> _PROVIDED MATERIAL_
▬▬▬▬▬▬

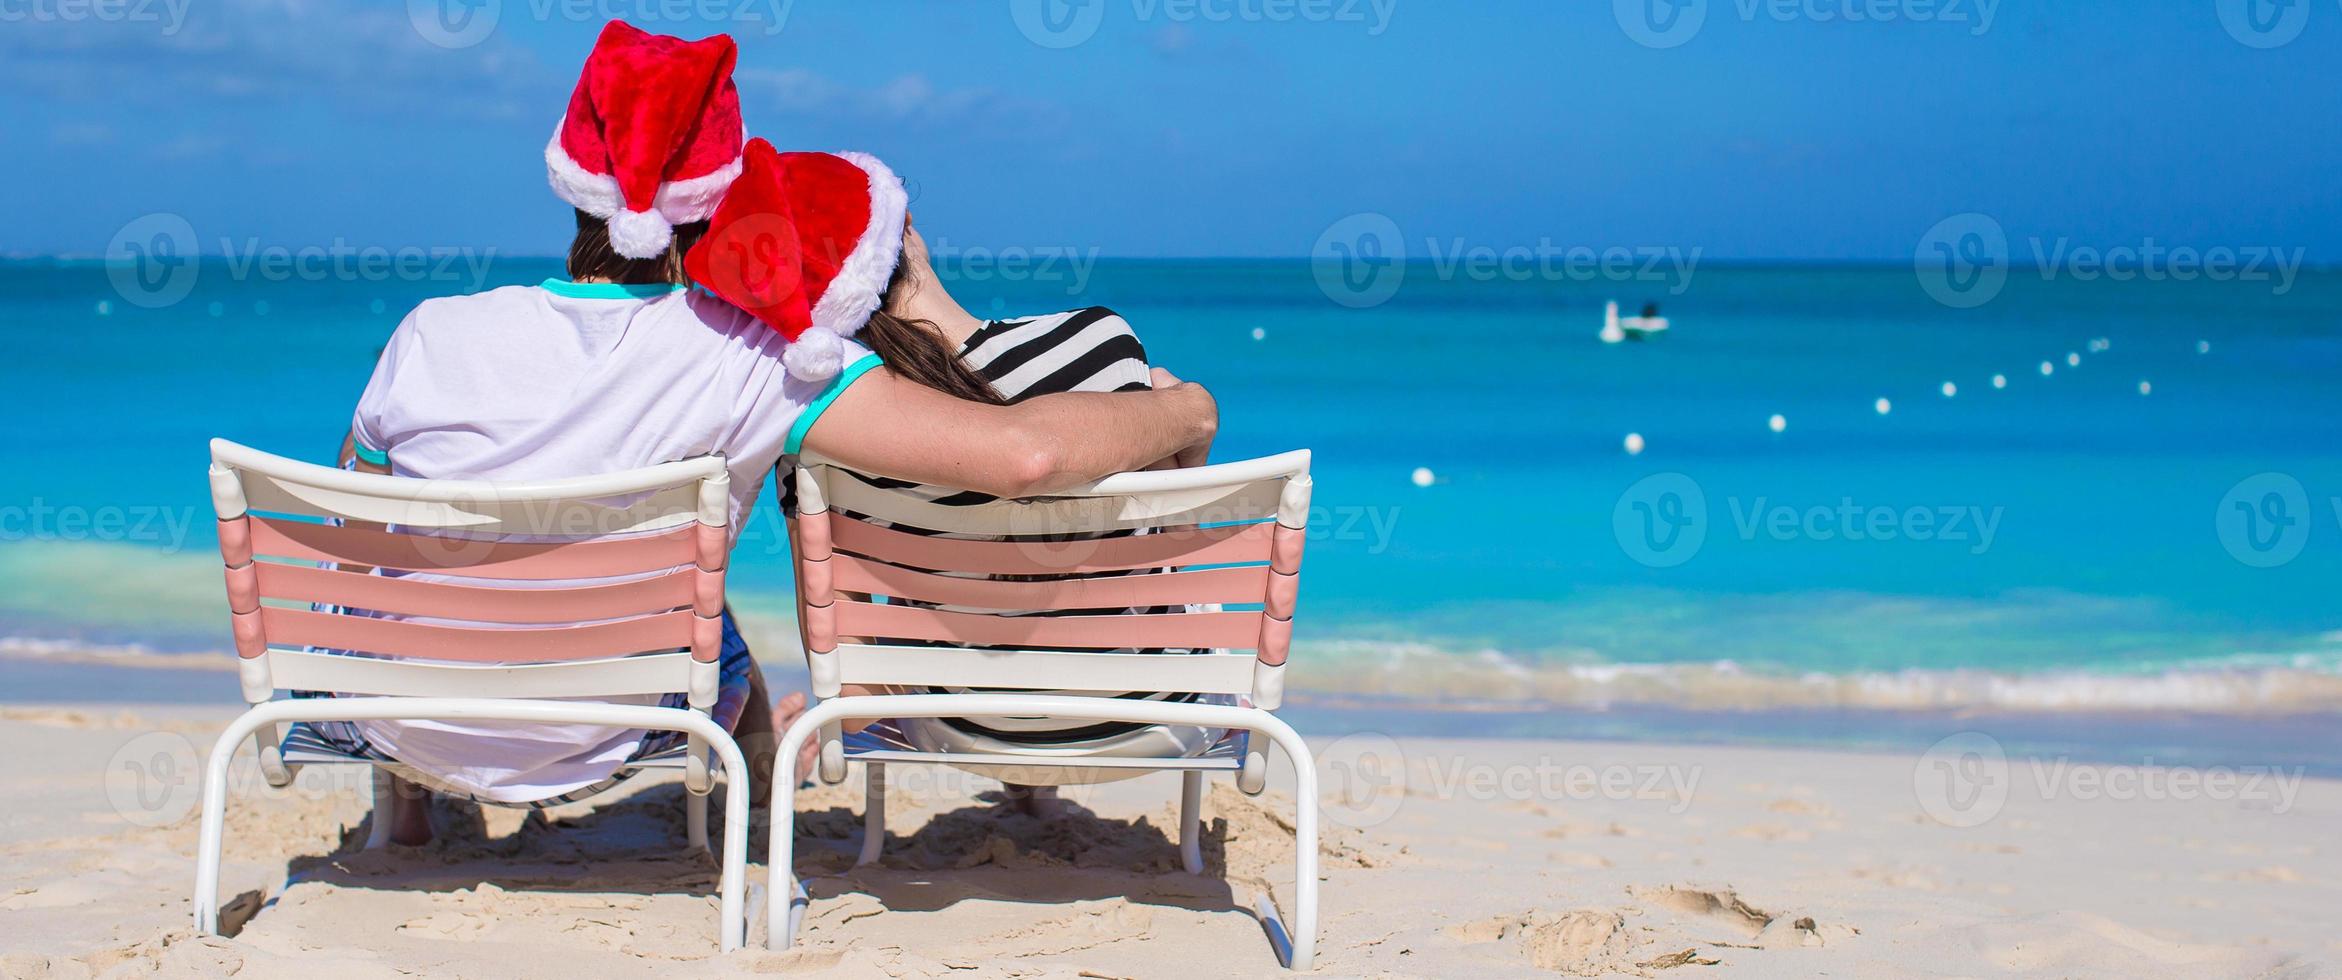 jovem casal romântico em chapéus de Papai Noel durante as férias na praia foto
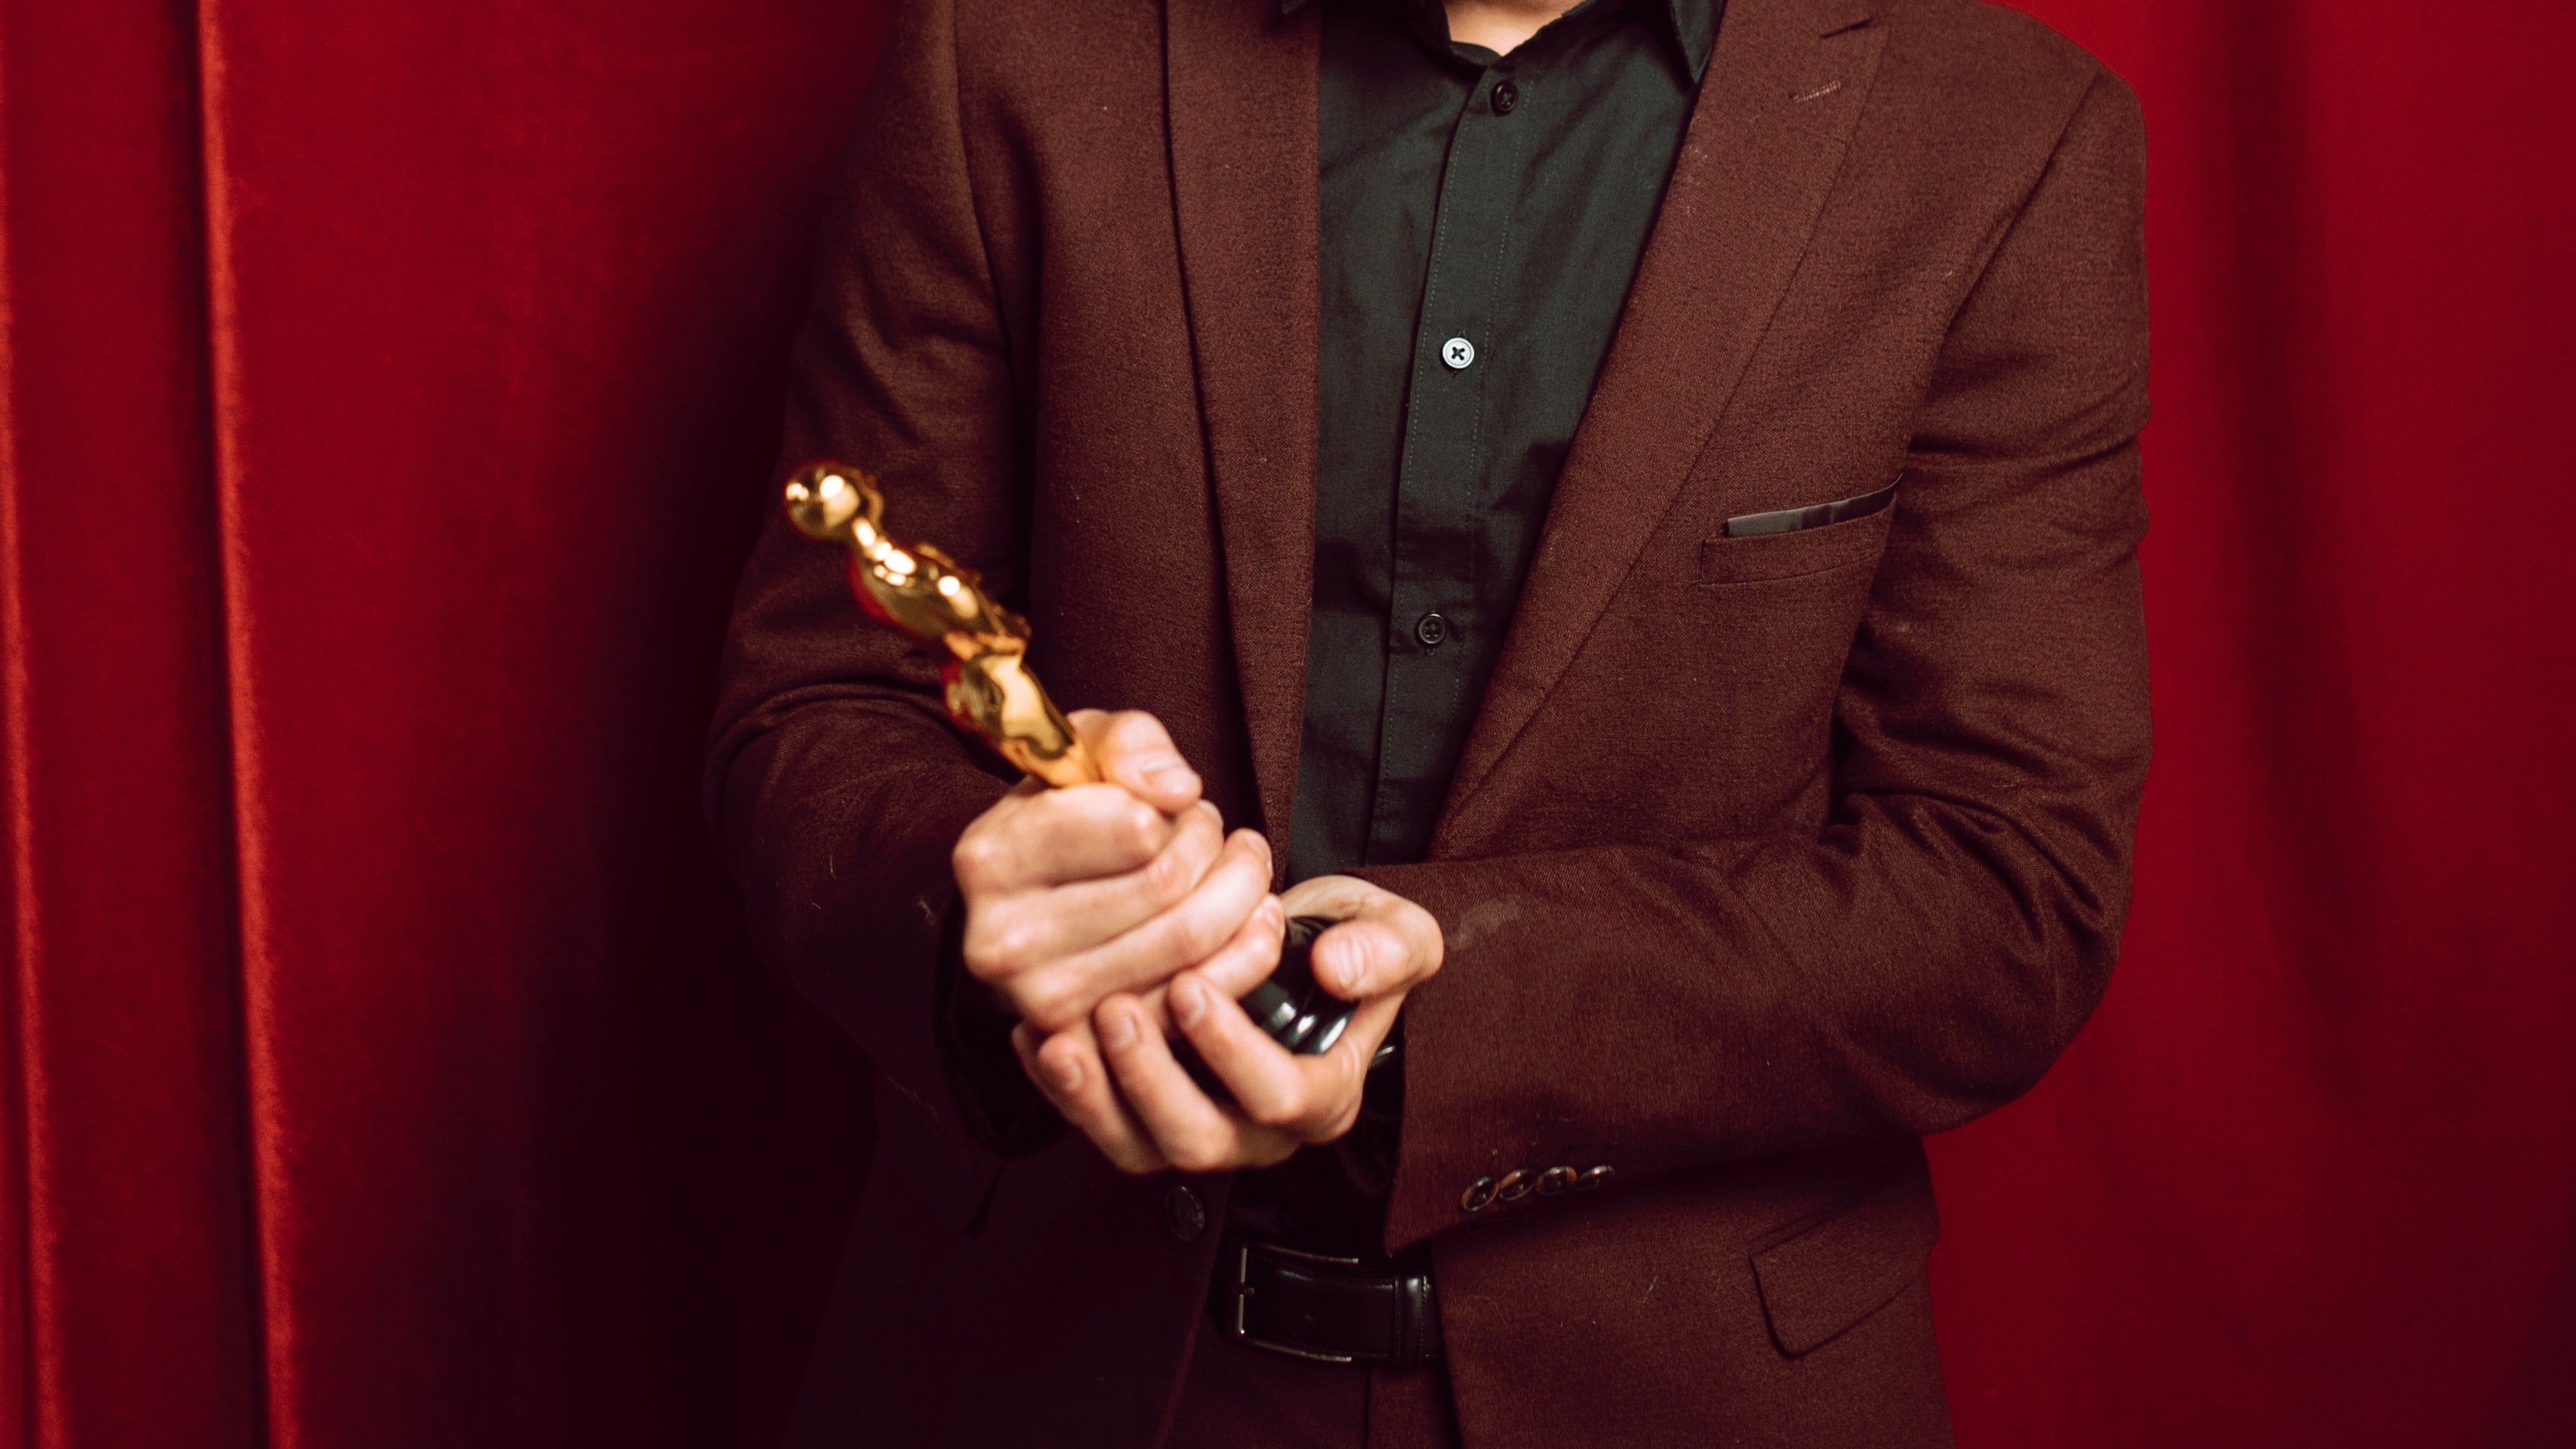 Premios Oscar: un beso sorpresa, un hombre desnudo y otros incómodos momentos de la premiación 
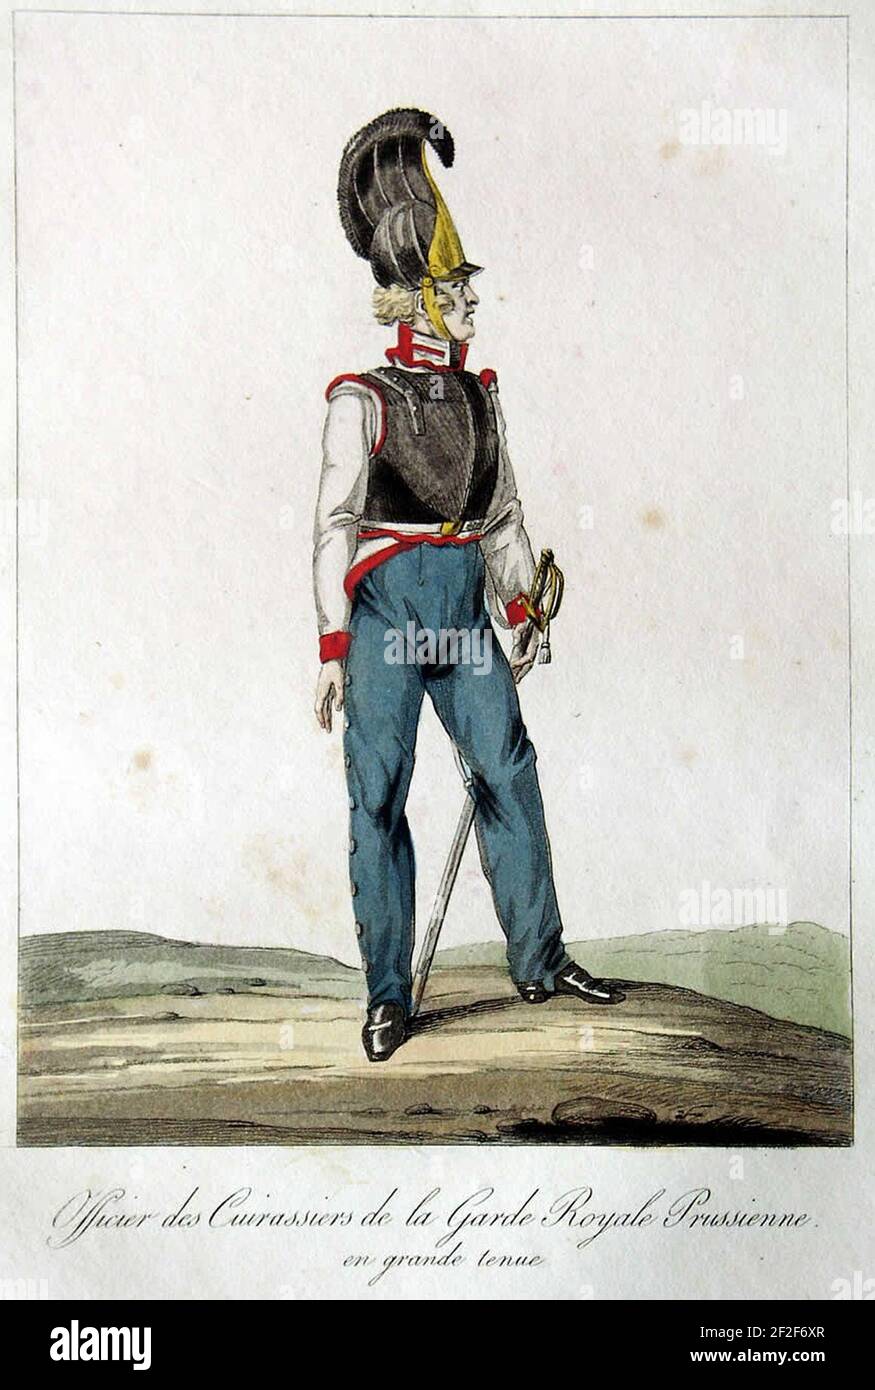 Preußische Gardekürassiere 1815 gr Uniform. Stock Photo

▬▬▬▬▬▬

> _THE PROBLEM_
A verbatim transcription of the listing is expected, with no pictures included.

> _PROBLEM SOLUTION_
 jovem casal romântico em chapéus de Papai Noel durante as férias na praia foto
 Premios Oscar: un beso sorpresa, un hombre desnudo y otros incómodos momentos de la premiación 
 Preußische Gardekürassiere 1815 gr Uniform. Stock Photo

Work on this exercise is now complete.